Sawant’s unbending commitment to progressive causes also helps move the dial to the left against pro-big business forces like Mayor Jenny Durkan or Burgess. For example, during the budget negotiations in 2016, former Stranger writer Heidi Groove described how a strident (and ultimately failed) demand from Sawant contributed to a new funding plan for a controversial police station:

The story behind how Herbold's proposal became reality is a familiar one by now. First, Council Member Kshama Sawant staked out a far-left position. She said the city should cancel its plans for a controversial new police station in North Seattle and spend that money on affordable housing instead. Then the mayor's office and many on the council balked. They said the new precinct is necessary, and some disputed whether Sawant's plan, which involved swapping out several different sources of funding, was even possible. But Sawant and her supporters kept up the pressure to do something.
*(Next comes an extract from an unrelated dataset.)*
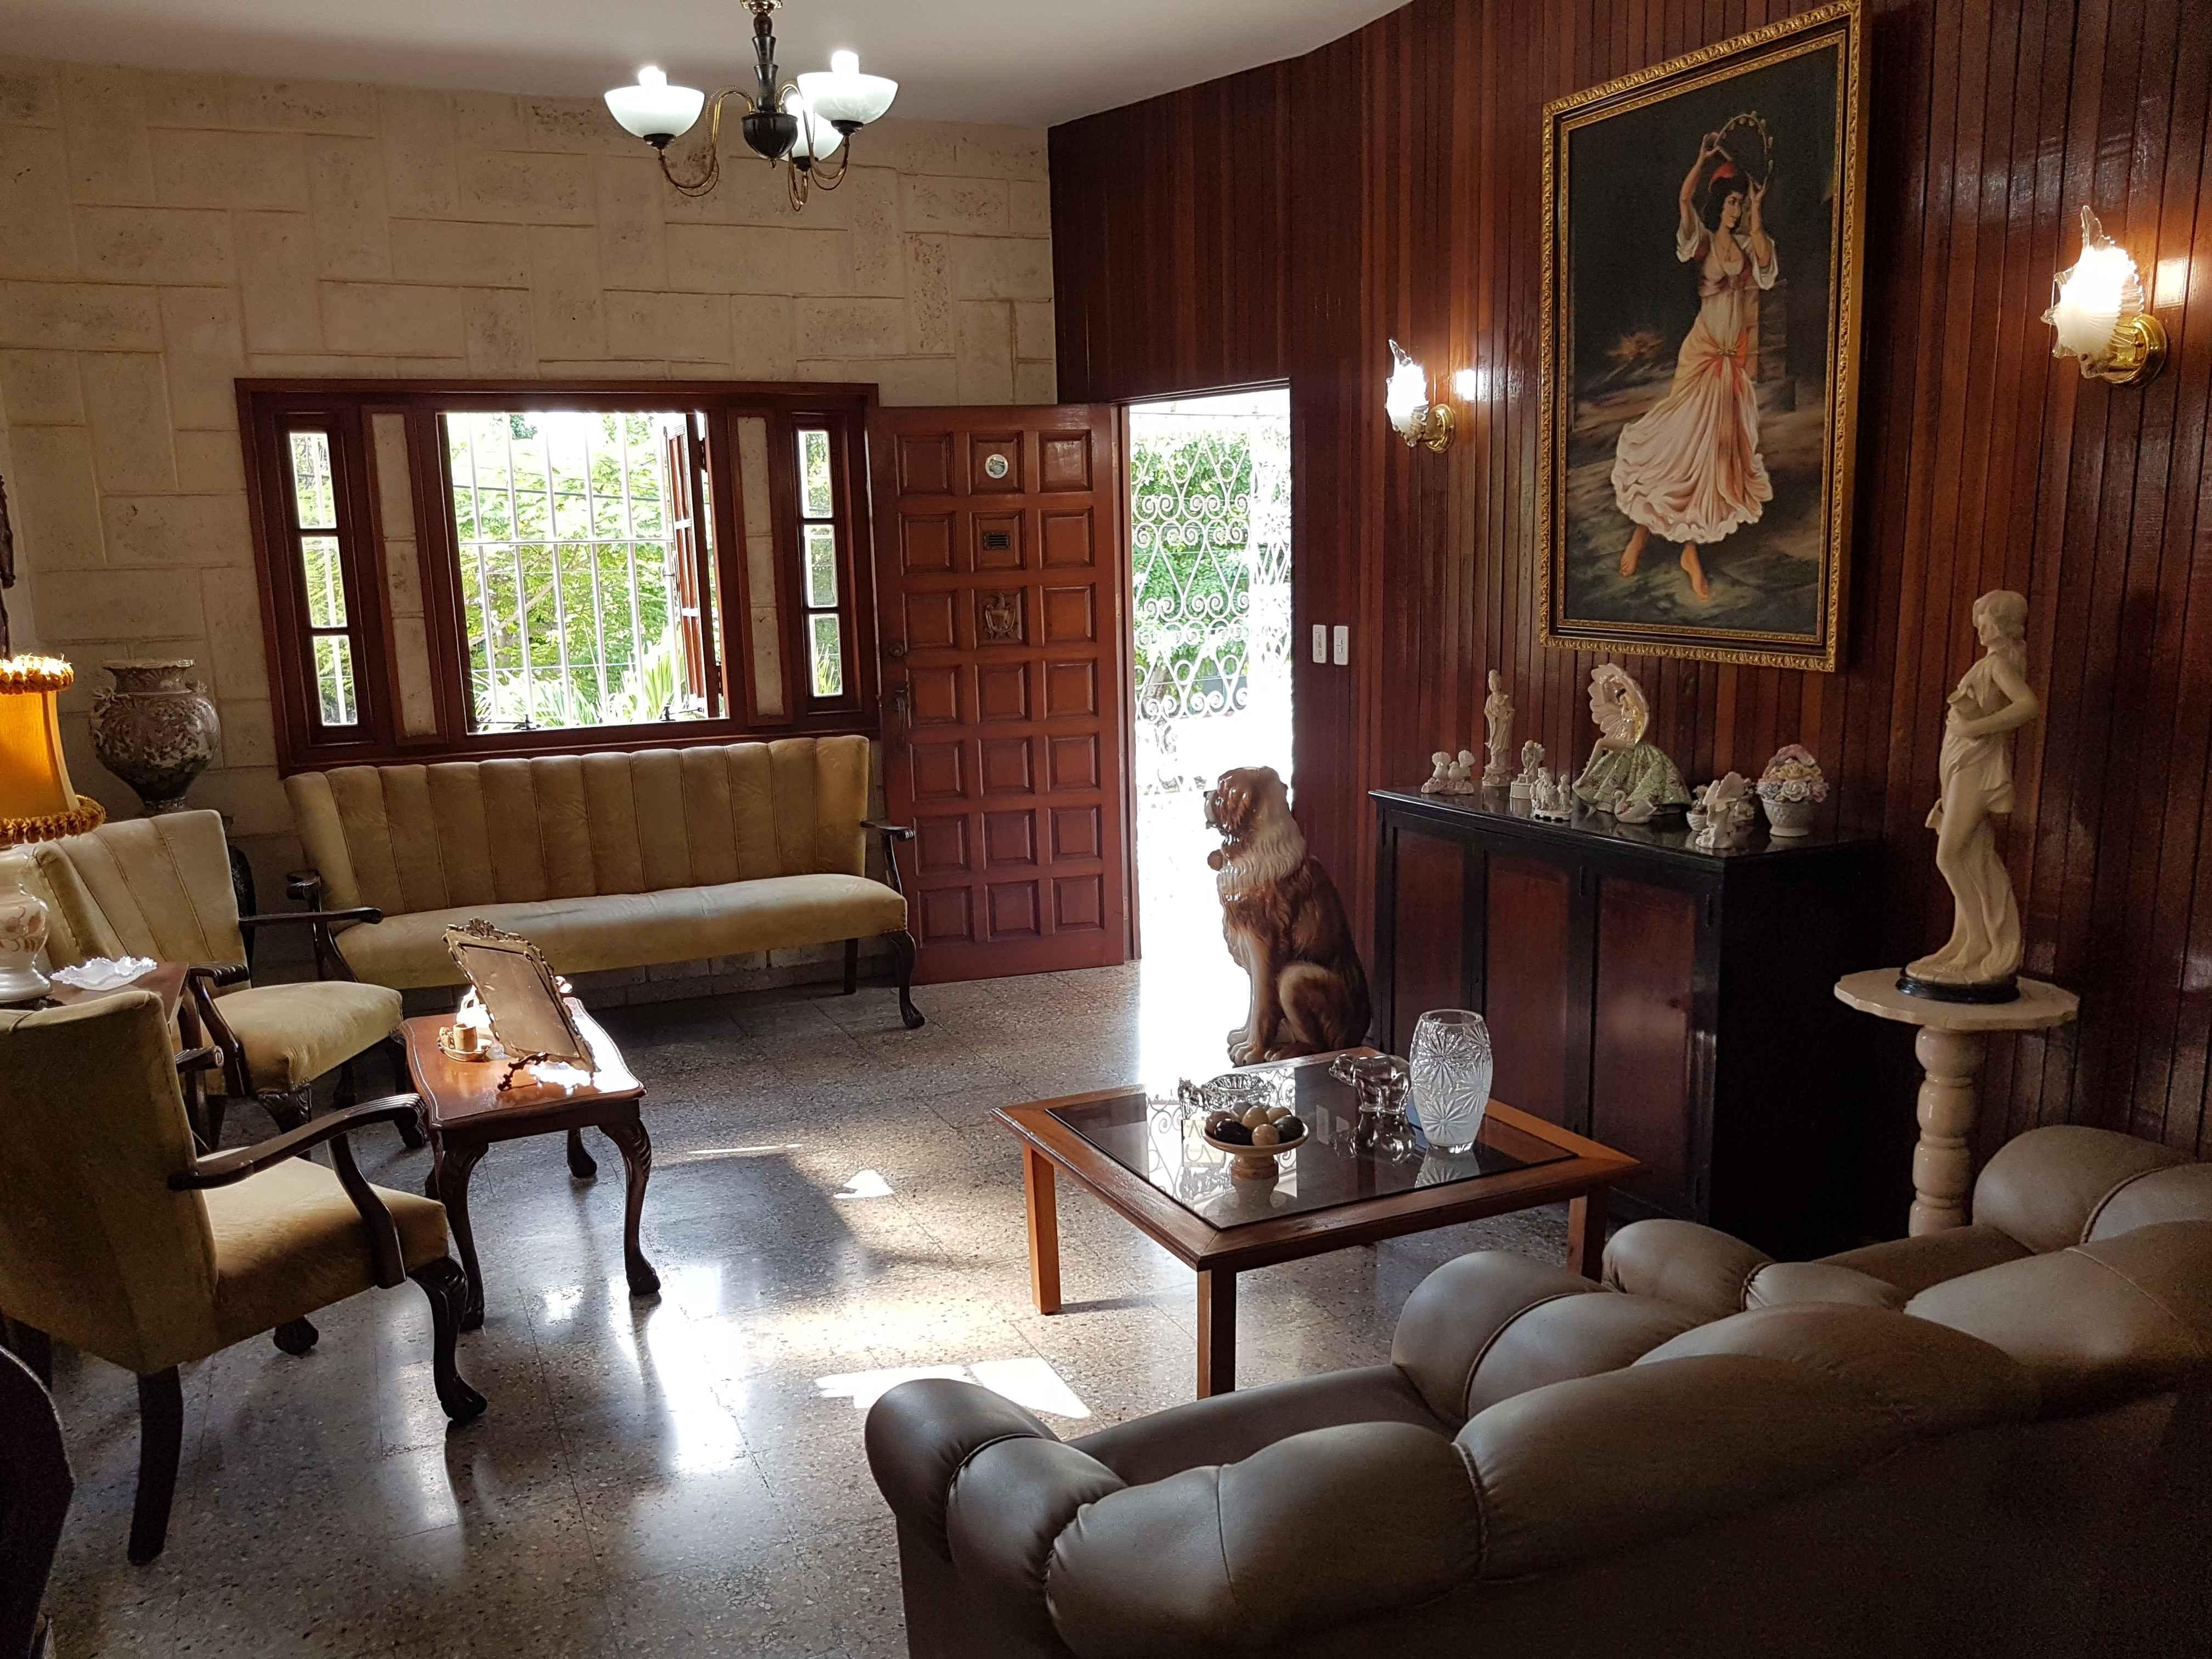 HAV501 - Casa Adria

Then Herbold offered a viable alternative.

Where Sawant's plan would have redirected $160 million away from the police precinct and toward affordable housing, Herbold pitched a plan that doesn't require killing the North Precinct and instead sells city bonds to raise $29 million for affordable housing. (The specifics of how that debt in Herbold's plan will be paid back have not yet been finalized, but she hopes to use property taxes from new construction.)

The mayor and Council Member Tim Burgess, who chairs the budget and affordable housing committees, opposed both the Sawant and Herbold proposals. But Herbold won over six of her colleagues while Sawant's proposal failed because she was able to gather support only from herself and Mike O'Brien.

We will soon see, after the primary votes are counted on Tuesday, whether Mosqueda and Gonzalez were successful in choosing a candidate who can actually challenge Sawant—or if their preferred candidate for pushing out Seattle’s most famous socialist falls short.